Calvari se demandait comment il pourrait se sortir d’affaire avec une pimbêche de cet acabit. Si par hasard elle était recrutée, ce serait une calamité pour lui et pour son service. À cheval sur ses principes, vieille fille encore vierge ‒ il en mettait sa main à couper ‒, donneuse de leçons, radoteuse, intraitable, rigidissime, aimable comme une porte de prison. Comment faire pour éviter pareille catastrophe ?
La candidate se présenta. Elle parla ‒ négligemment ‒ de ses deux doctorats à Cambridge, puis elle évoqua sa carrière auprès du Tropical Product Institute, et sa maîtrise ‒ encore imparfaite, certes, elle s’en excusait ‒ de la langue française. Elle mentionna enfin ses états de service auprès d’éminentes e banques de gènes en Grande Bretagne et aux USA.

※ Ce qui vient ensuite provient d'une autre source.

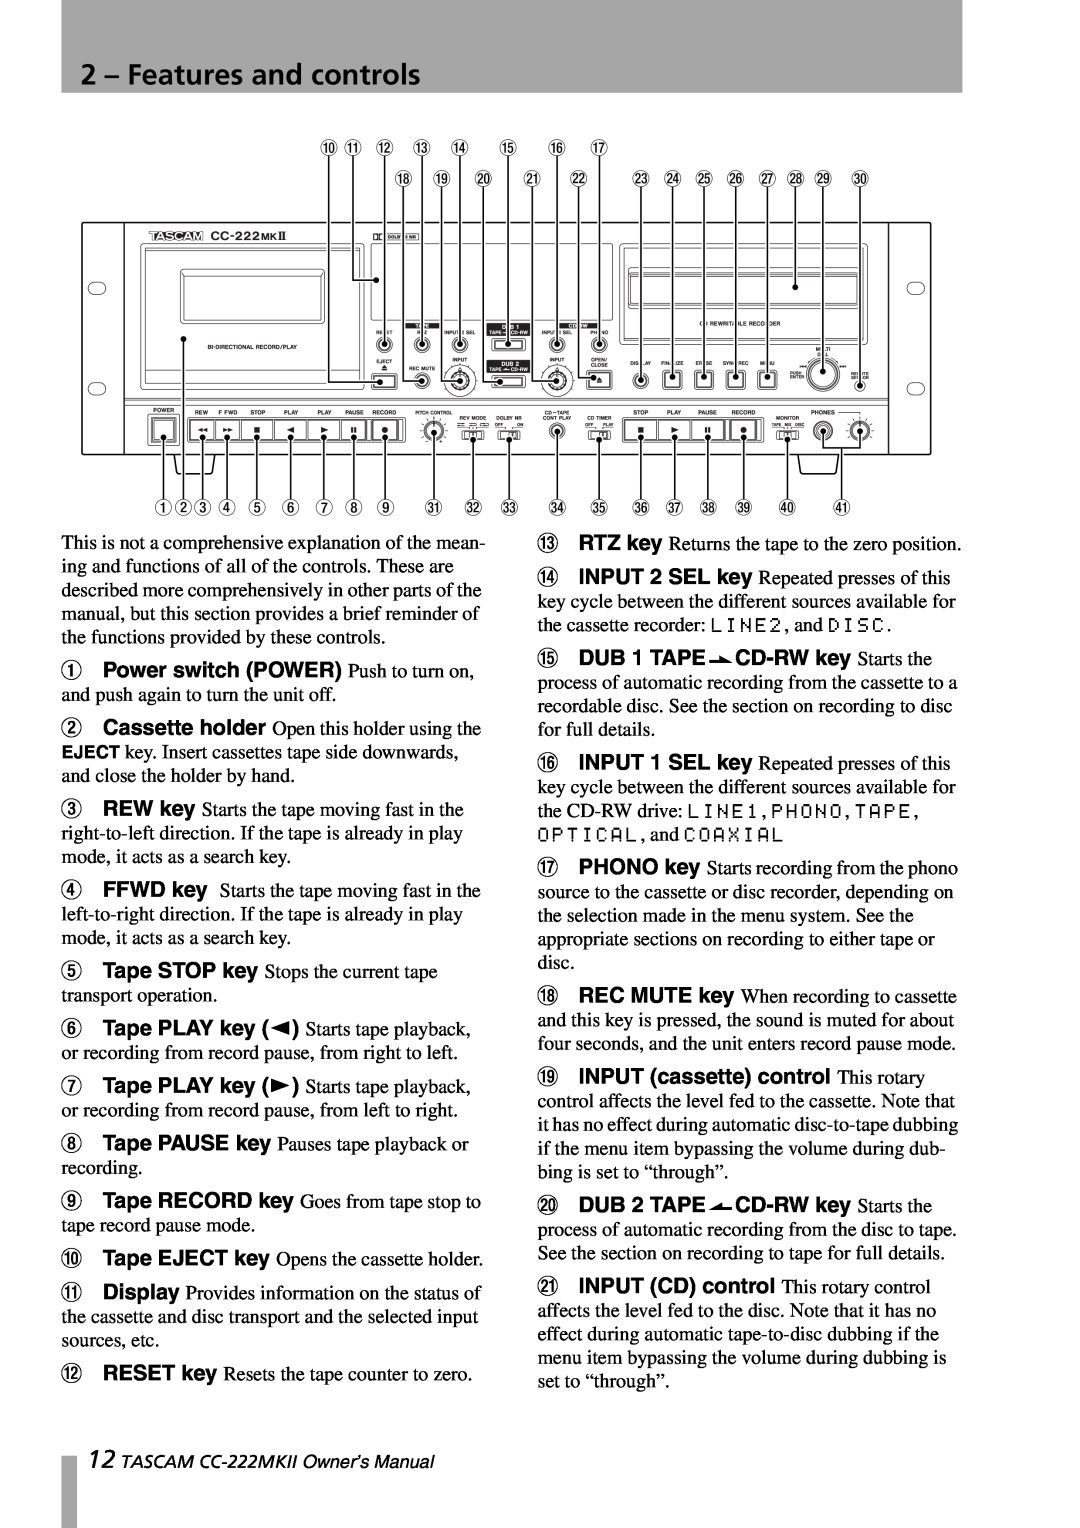 Tascam CC-222MKII owner manual Features and controls 
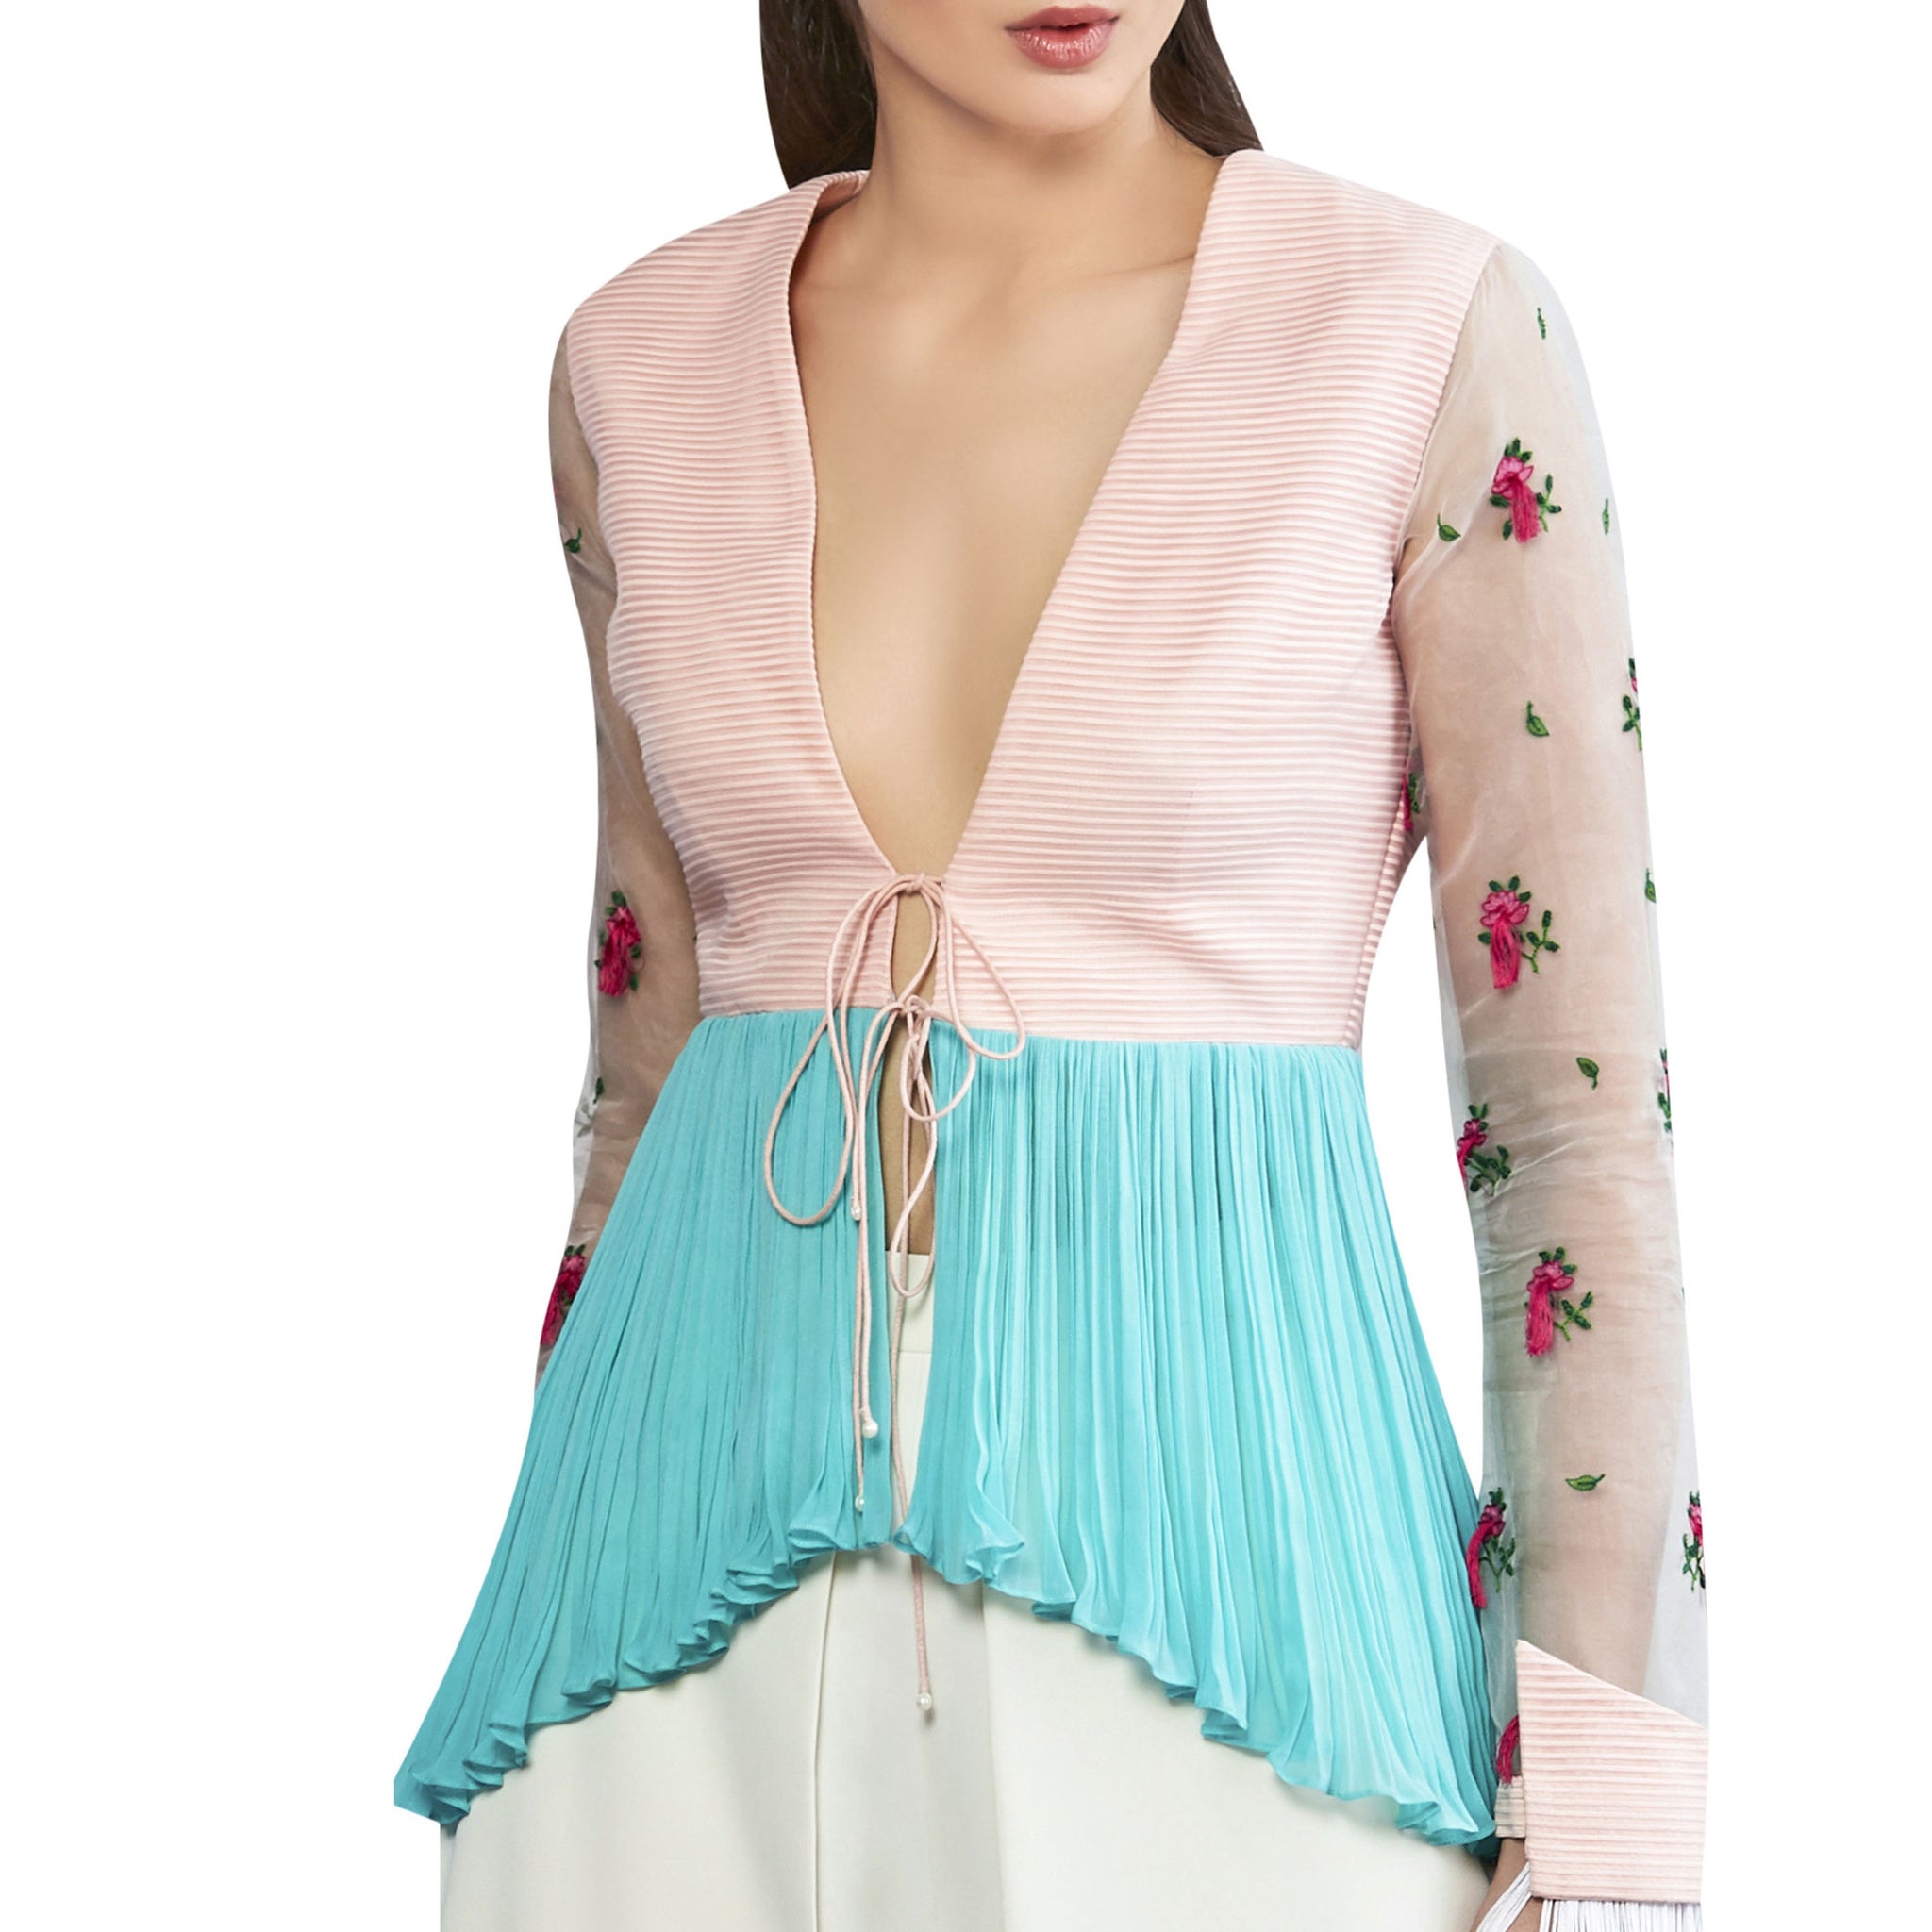 Peplum Jacket with Embroidered Sleeves and Tassles

Elle était chaudement recommandée par son Ambassade, la représentation britannique auprès de l’organisation. Cela, ce n’était un secret pour personne, Calvari s’en souvint soudain avec des sueurs froides. Le directeur général lui-même était au courant. Les Britanniques, apparemment, attachaient beaucoup d’importance à placer quelqu’un à ce poste, dans son service. Avoir un agent dans la place, même s’il est tenu à une loyauté absolue envers l’ONU, on n’a jamais rien inventé de mieux pour être bien informé avant quiconque de ce qui se tramait d’important. Il y avait bien des gouvernements qui avaient à cœur de savoir ce que l’organisation préparait en matière de législation internationale touchant à la génétique. Bref, la situation était claire et limpide, même Calvari pouvait la comprendre : le Royaume-Uni voulait placer cette dame comme espion scientifique au service de sa Majesté dans le but de doubler les États-Unis, la France, le Japon et l’Australie, dans la course au contrôle planétaire du patrimoine génétique universel. C’était une pratique banale, et de bonne guerre, en somme, dans la partie d’échecs où les puissances plaçaient leurs pions.
Il s’éclaircit la voix d’une petite toux discrète, puis remercia sa visiteuse. Il lui rappela que ce rendez-vous n’était qu’une prise de contact très informelle, off the record. Il la félicita car elle avait été choisie avec deux autres finalistes parmi neuf cents candidats par une commission de recrutement à laquelle participait notamment le syndicat du personnel. La prochaine étape serait un entretien de sélection par un panel d’experts dont les recommandations seraient soumises au directeur général. Il décrivit les fonctions de l’expert recherché, posa quelques questions, écouta quelques réponses, ponctua le tout de quelques sourires charmeurs et qui se voulaient dévastateurs mais restèrent sans effet. Une demi- heure s’étant écoulée, ce qui constituait somme toute une durée normale pour une visite de ce genre, il informa sa visiteuse, non sans s’excuser, qu’il avait maintenant un autre rendez-vous. Il la remercia et la raccompagna le plus cordialement du monde à l’ascenseur, la saluant d’un ultime éclatant sourire pendant la fermeture des portes.
Rappel/Disclaimer/Avertissement : cet épisode - tout comme l’ensemble de l’ouvrage Irrévérence - est le fruit de la fantaisie de l’auteur. En conséquence, toute ressemblance avec des personnes, des entités ou des institutions existantes ou ayant existé - et non spécifiquement nommées - est purement fortuite.